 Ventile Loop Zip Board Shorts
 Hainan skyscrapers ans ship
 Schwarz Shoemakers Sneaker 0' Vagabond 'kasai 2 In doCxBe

▶ ABOUT THIS EXERCISE: Quote the whole listing above, leaving nothing out.

▶ TASK SOLUTION:
 Ventile Loop Zip Board Shorts
 Hainan skyscrapers ans ship
 Schwarz Shoemakers Sneaker 0' Vagabond 'kasai 2 In doCxBe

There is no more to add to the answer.